- **WHAT IS NEEDED**: Give the listing again in full and exactly, apart from its pictures.

──────── DATA BLOCK

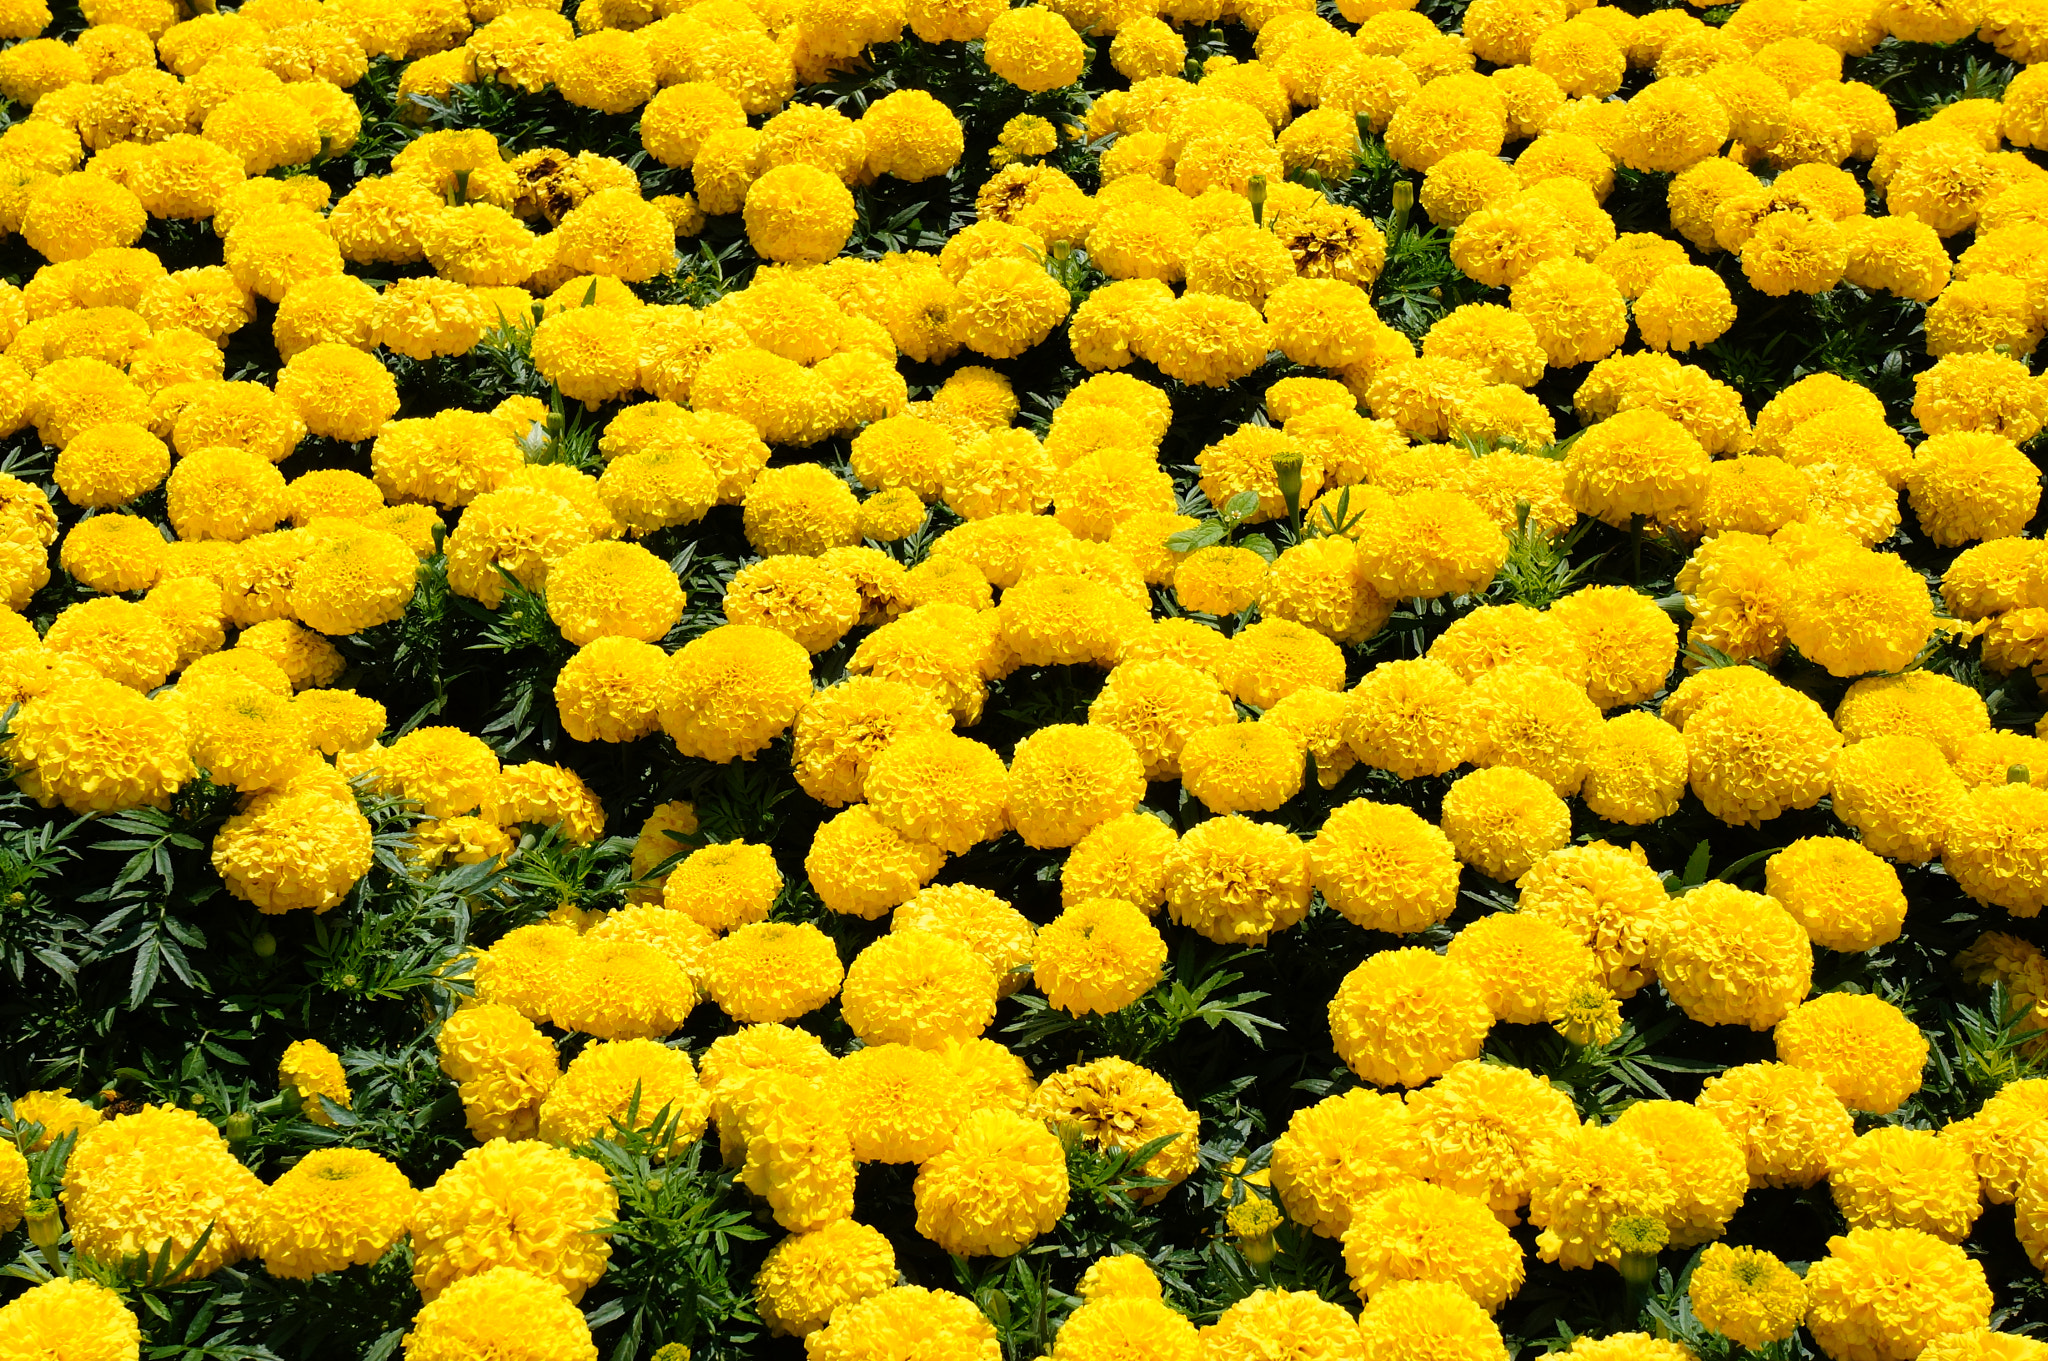 Sony Alpha NEX-6 + Sony E 18-55mm F3.5-5.6 OSS sample photo. Many yellow flowers photography
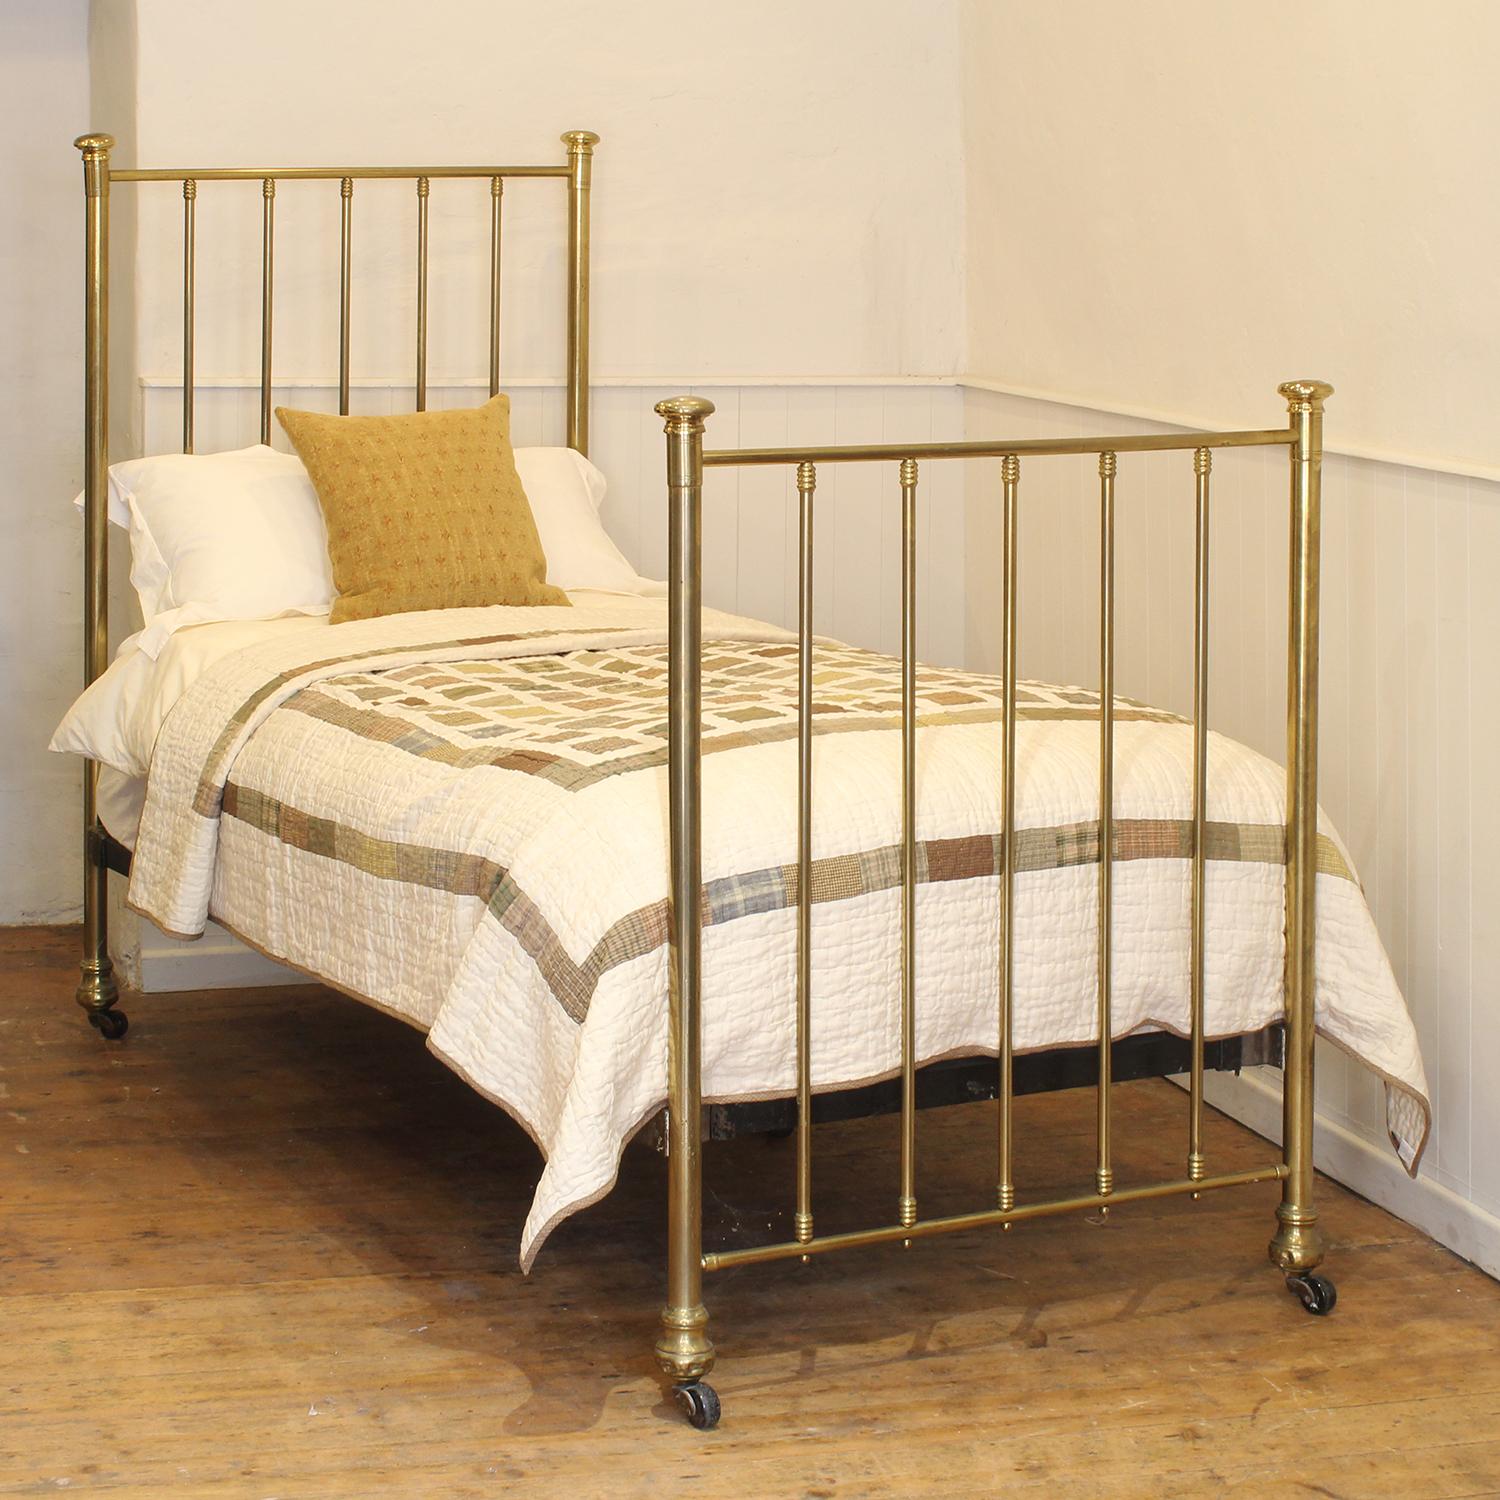 Ein einfaches Edwardianisches Einzelbett aus Messing und Eisen mit schöner Patina und Messingkappen.
Dieses Bett ist für ein britisches Standard-Einzelbett mit einer Breite von 3 Fuß und einer Länge von 6 Fuß und einer Matratze geeignet, aber auch
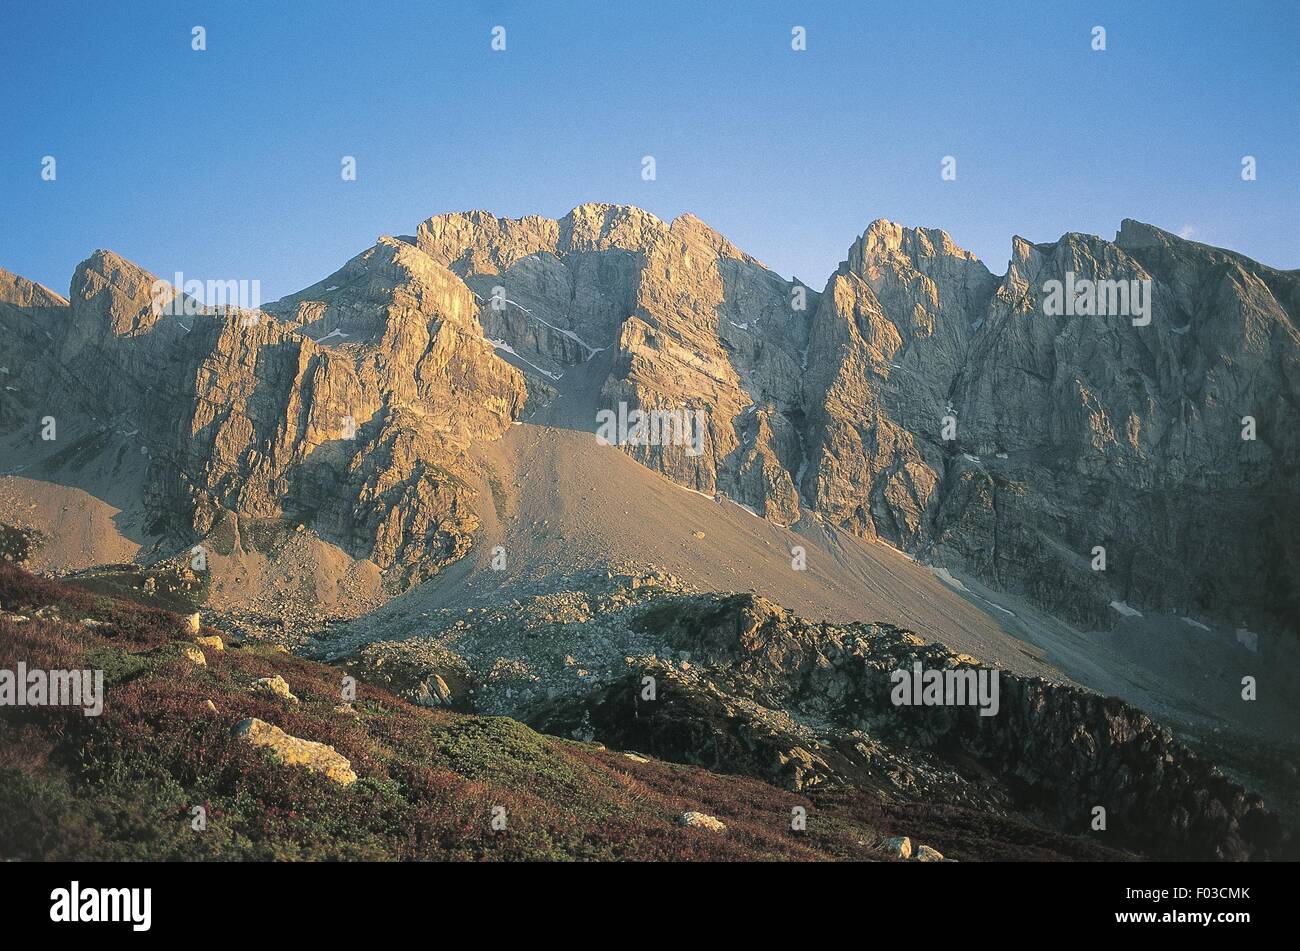 Italia - Piemonte - Alpi Marittime - Alta Valle Pesio Riserva Naturale -  Marguareis Peak Foto stock - Alamy

────────────────

- **RESPONSE BOX**:
 Sony Alpha NEX-6 + Sony E 18-55mm F3.5-5.6 OSS sample photo. Many yellow flowers photography
 Ein einfaches Edwardianisches Einzelbett aus Messing und Eisen mit schöner Patina und Messingkappen.
Dieses Bett ist für ein britisches Standard-Einzelbett mit einer Breite von 3 Fuß und einer Länge von 6 Fuß und einer Matratze geeignet, aber auch
 Italia - Piemonte - Alpi Marittime - Alta Valle Pesio Riserva Naturale -  Marguareis Peak Foto stock - Alamy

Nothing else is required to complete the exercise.